What's a 0-form and what's not?

by quasar987
Tags: 0form
 Sci Advisor HW Helper PF Gold P: 4,768 Is a function from R^n to R^m for aritrary m a considered a 0-form on R^n, or does 0-form refers only to functions from R^n to R ?
 Sci Advisor HW Helper P: 11,866 What's the definition of a p-form on R^n ?
Emeritus
PF Gold
P: 16,101
 Quote by quasar987 Is a function from R^n to R^m for aritrary m a considered a 0-form on R^n, or does 0-form refers only to functions from R^n to R ?
If you have a finite dimensional vector space V with scalar field k, then the space of n-forms is isomorphic to the space of alternating multilinear maps Vn --> k.

In particular, a 0-form is an element of k.

In the typical setting of differential geometry, when analyzing a single point, your scalar field is R and your vector space is the tangent space, so a 0-form would simply be a real number. But more exotic things are possible, and sometimes even fruitful.

HW Helper
PF Gold
P: 4,768

What's a 0-form and what's not?

In 'Calculus on manifolds', Spivak defines a k-form on R^n as a function w sending a point p of R^n to an alternating multilinear maps (R^n)^k-->R.

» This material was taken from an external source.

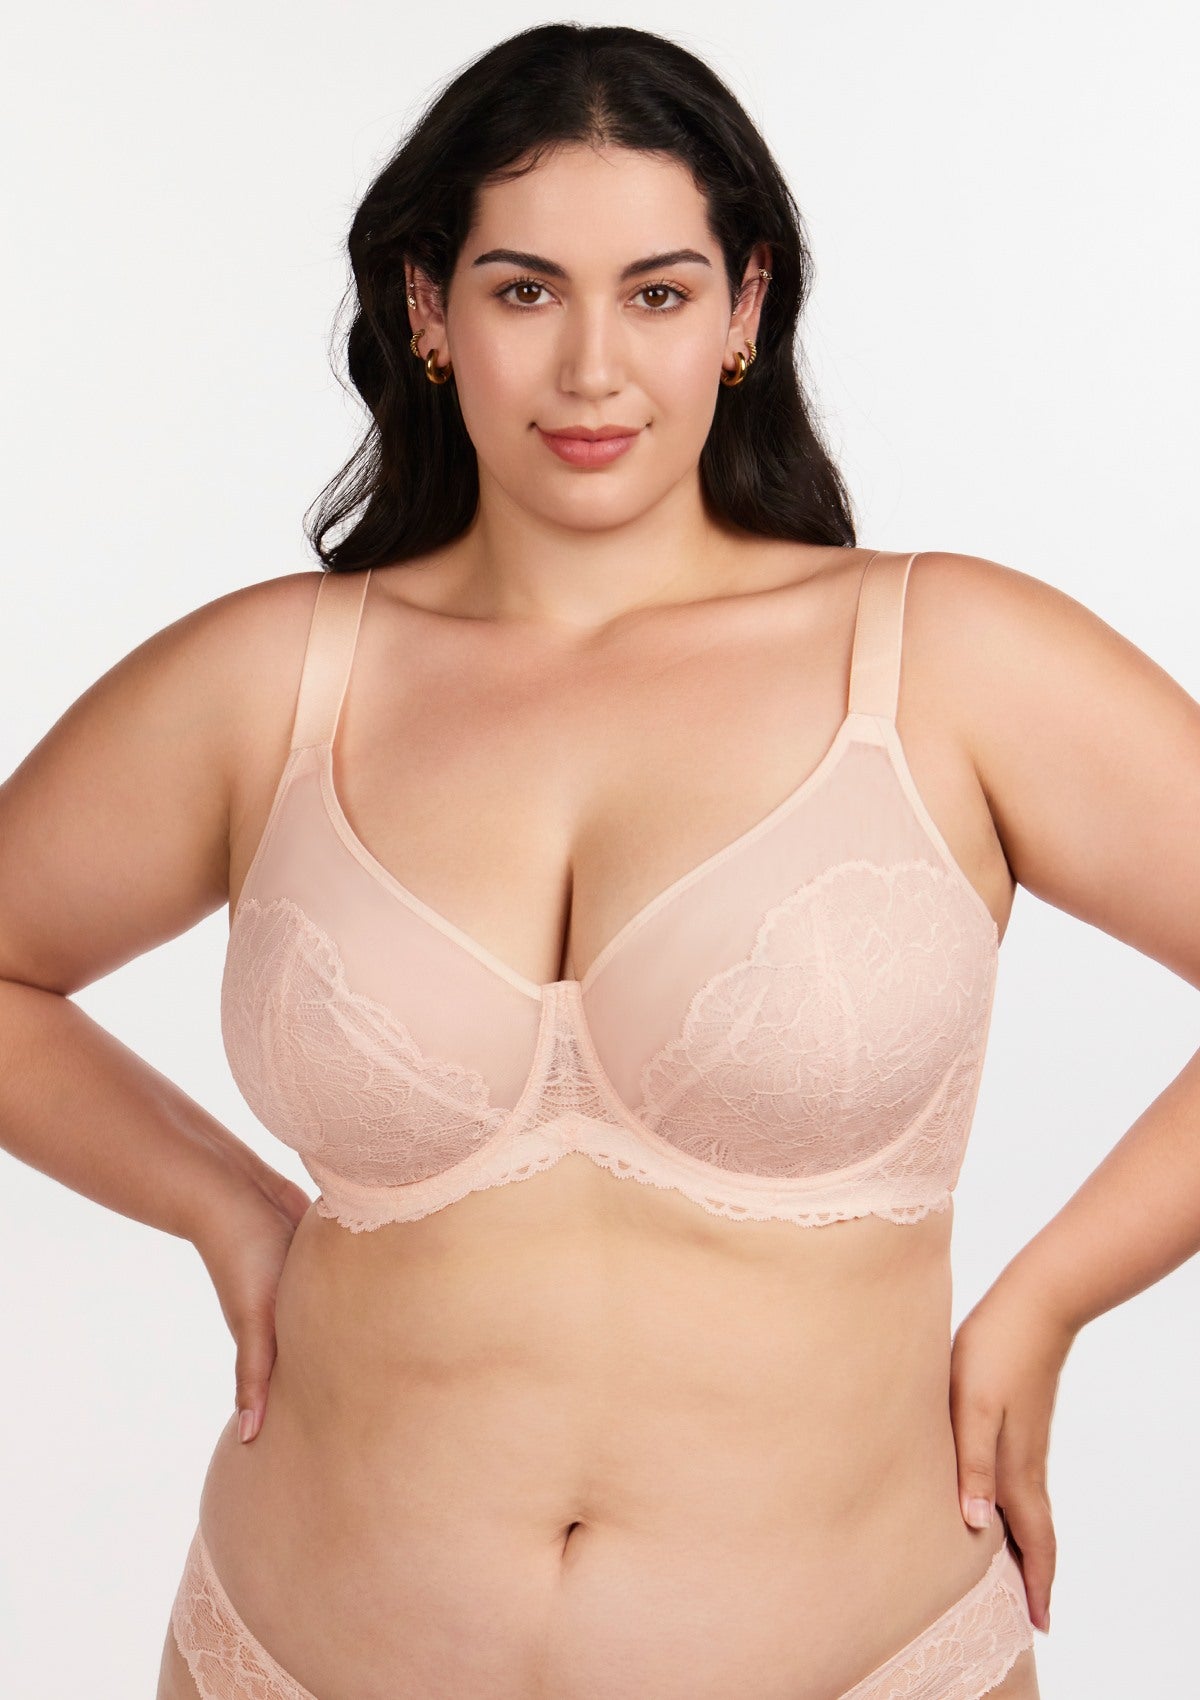 HSIA Blossom Sheer Lace Bra: Comfortable Underwire Bra For Big Busts - Dusty Peach / 36 / I

This makes sense only for k>0, so he treats the case k=0 separately by saying that by a 0-form we mean a function f.

I was 90% sure he meant a function f:R^n-->R but wanted to make sure.
Emeritus
PF Gold
P: 16,101
 Quote by quasar987 In 'Calculus on manifolds', Spivak defines a k-form on R^n as a function w sending a point p of R^n to an alternating multilinear maps (R^n)^k-->R. This makes sense only for k>0, so he treats the case k=0 separately by saying that by a 0-form we mean a function f. I was 90% sure he meant a function f:R^n-->R but wanted to make sure.
Well, it really does make sense for k=0: an A-valued function of 0 variables is the same thing as an element of A, and it's vacuously true that such a thing is alternating and 0-linear.

So a 0-form on the tangent bundle to R^n is, indeed, a map R^n --> R. This agrees with what I said pointwise -- if f is such a thing, then f(P) is a 0-form on the tangent space at P, which is the same thing as an element of R.
 Sci Advisor HW Helper PF Gold P: 4,768 Why are forms defined specifically as sending points to alternating tensors? What's wrong with good old arbitrary tensors? Or equivalently, what's so special about alternating ones?
 Emeritus Sci Advisor PF Gold P: 16,101 Integrating along an opposite orientation should give you the opposite answer -- thus the sign change. From an algebraic perspective, they are trying to capture first-order differential information -- thus you want dx dx = 0. An immediate consequence of this identity is that differentials must be alternating.